Watch manufacturing

Georges-Auguste Leschot (1800-1884), pioneered in the field of interchangeability in clockmaking by the invention of various machine tools. 1830 he designed an anchor escapement, which his student, Antoine Léchaud, later mass produced. 1839 he invented a pantograph allowing some degree of standardisation and interchangeability of parts on watches fitted with the same calibre.
Watch manufacturing really changed from assembly in watchmaking shops to mass production with interchangeable parts, as from 1854, pioneered by the Waltham Watch Company, in Waltham, Massachusetts.
in 1850, Roxbury, David Davis, Edward Howard and Aaron Lufkin Dennison formed together the company that would later become the Waltham Watch Company.
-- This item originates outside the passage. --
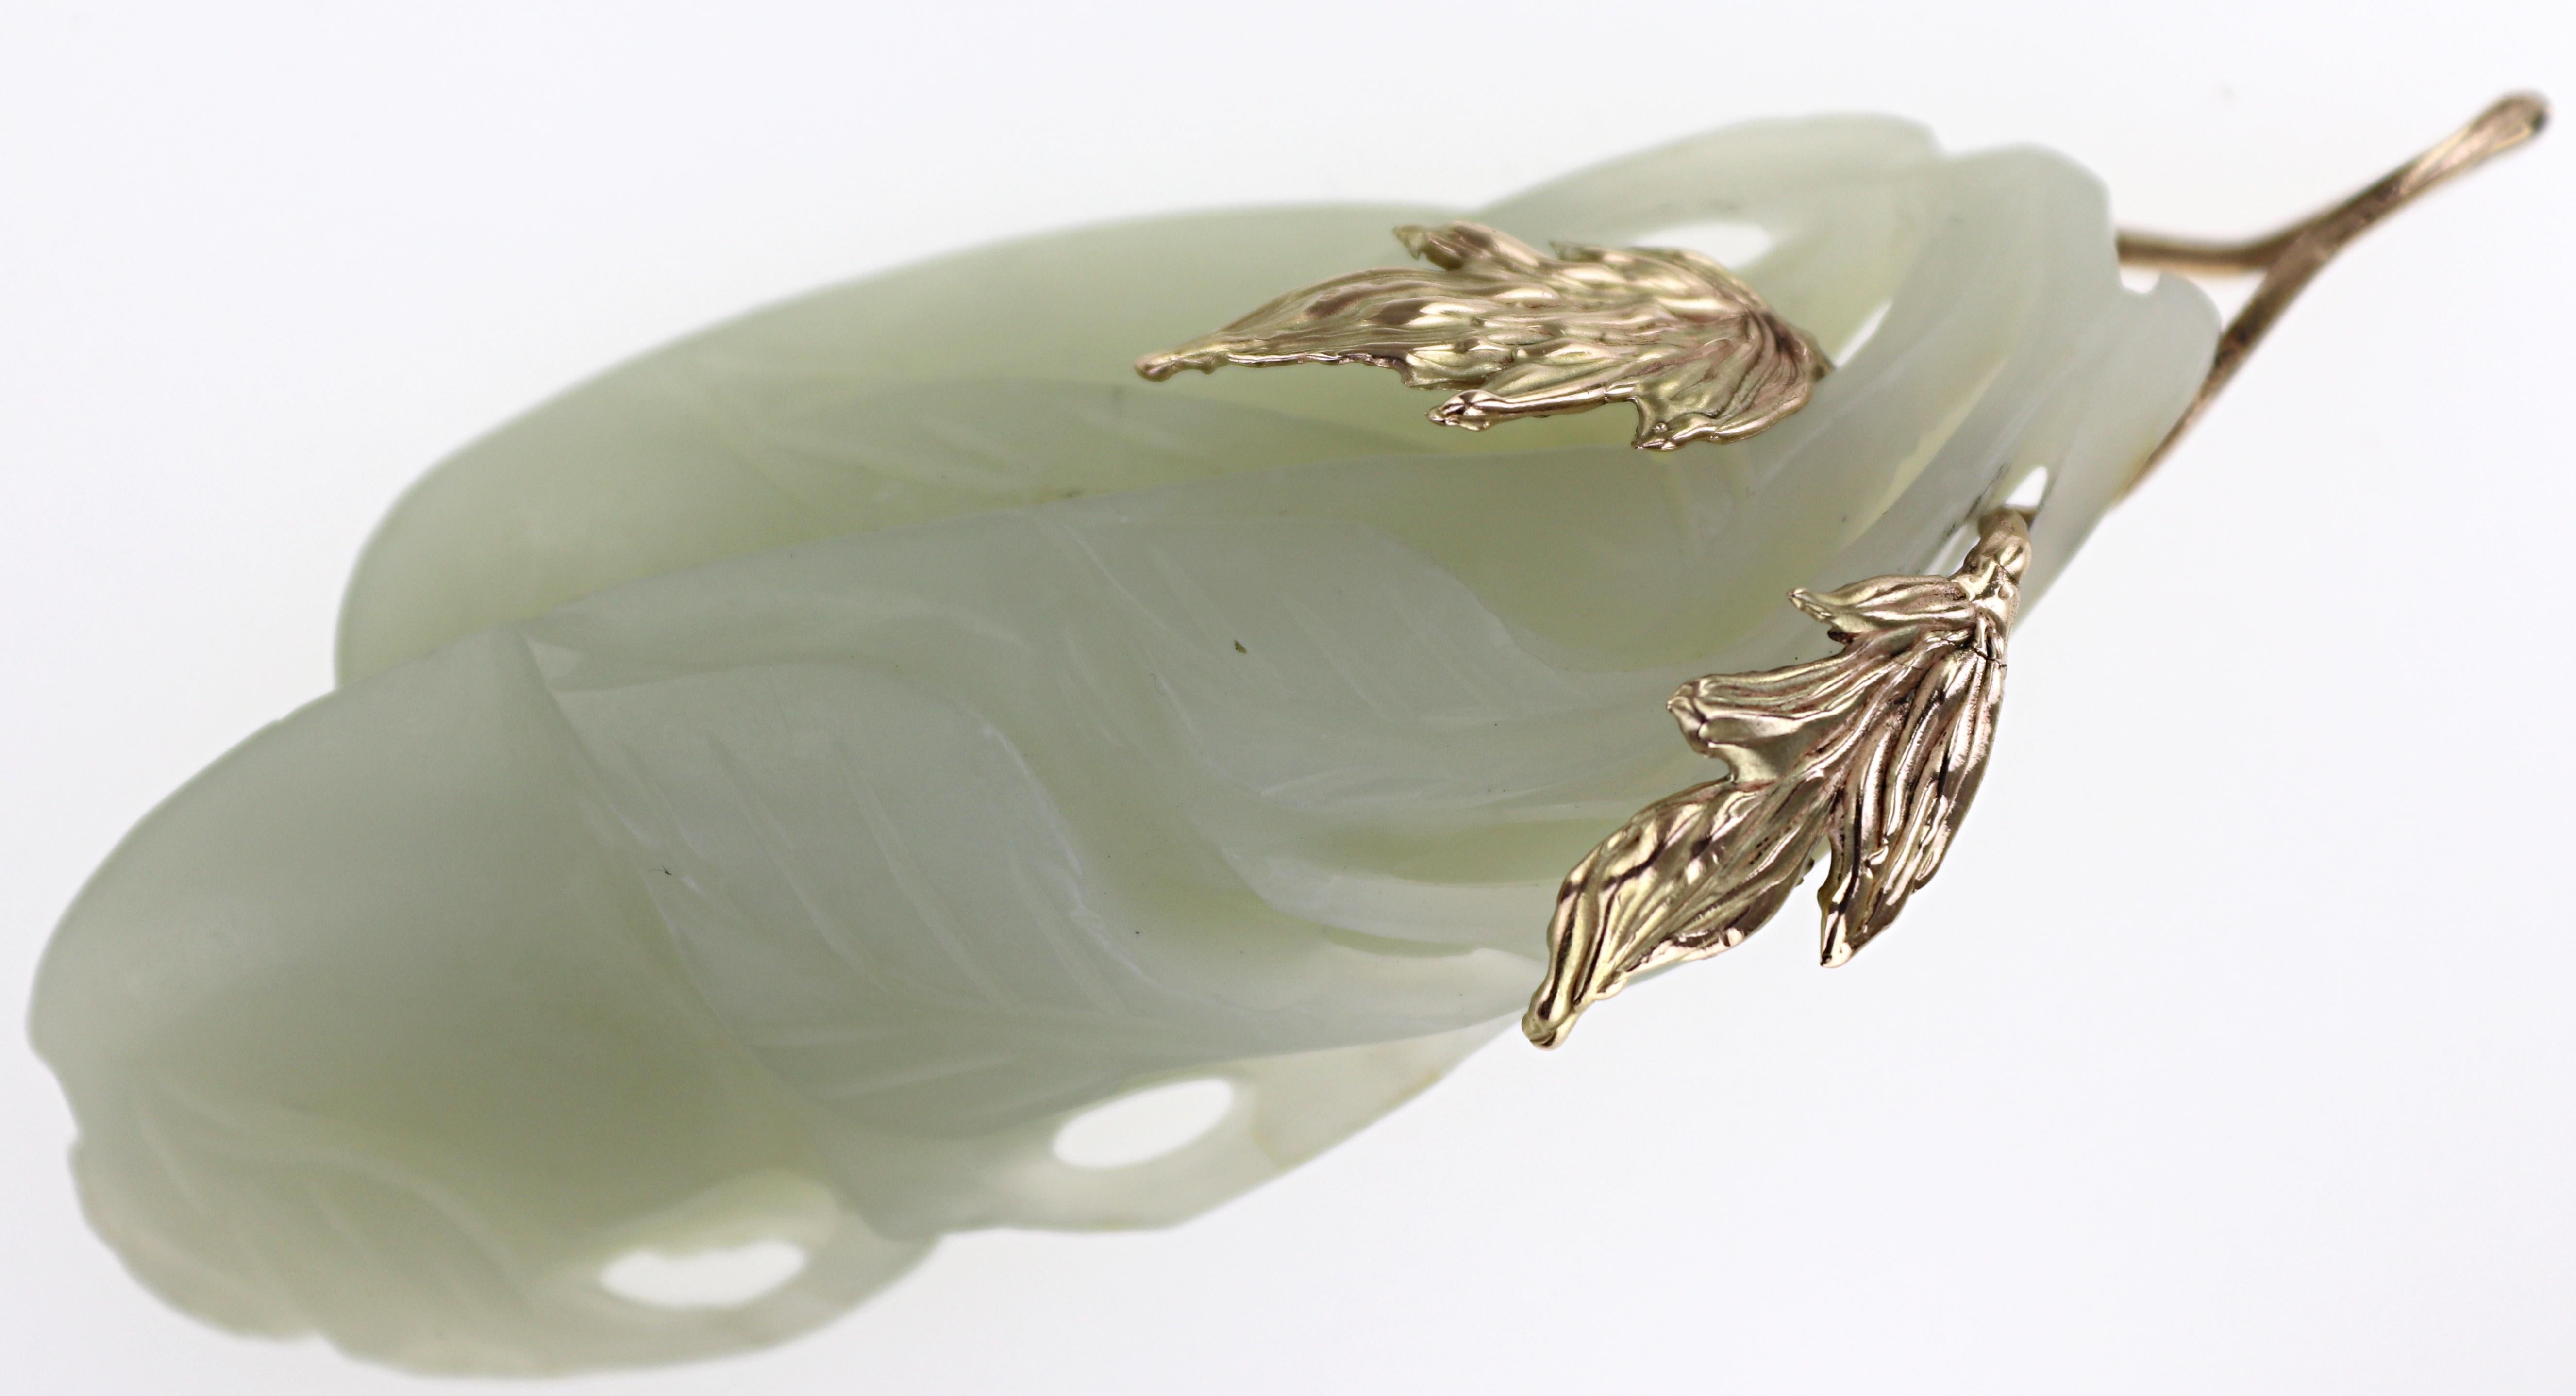 Featuring (1) carved nephrite jade, 65.8 X 29.1 X 13.2 mm, depicting gourds and leaves, completed by a 14k yellow gold wire leaf bail, Gross weight 32.04 grams.

The Waltham Watch Company, also known as the American Waltham Watch Co. and the American Watch Co.,
produced about 40 million high quality watches, clocks, speedometers, compasses, time fuses and other precision instruments between 1850 and 1957.
The Waltham Watch Company went out of business in 1957, but had founded a subsidiary in Switzerland in 1954, Waltham International SA. Waltham International SA continues to produce mechanical wrist watches and mechanical pocket watches under the "Waltham" brand and is a full-fledged member of the Federation of the Swiss Watch Industry FH.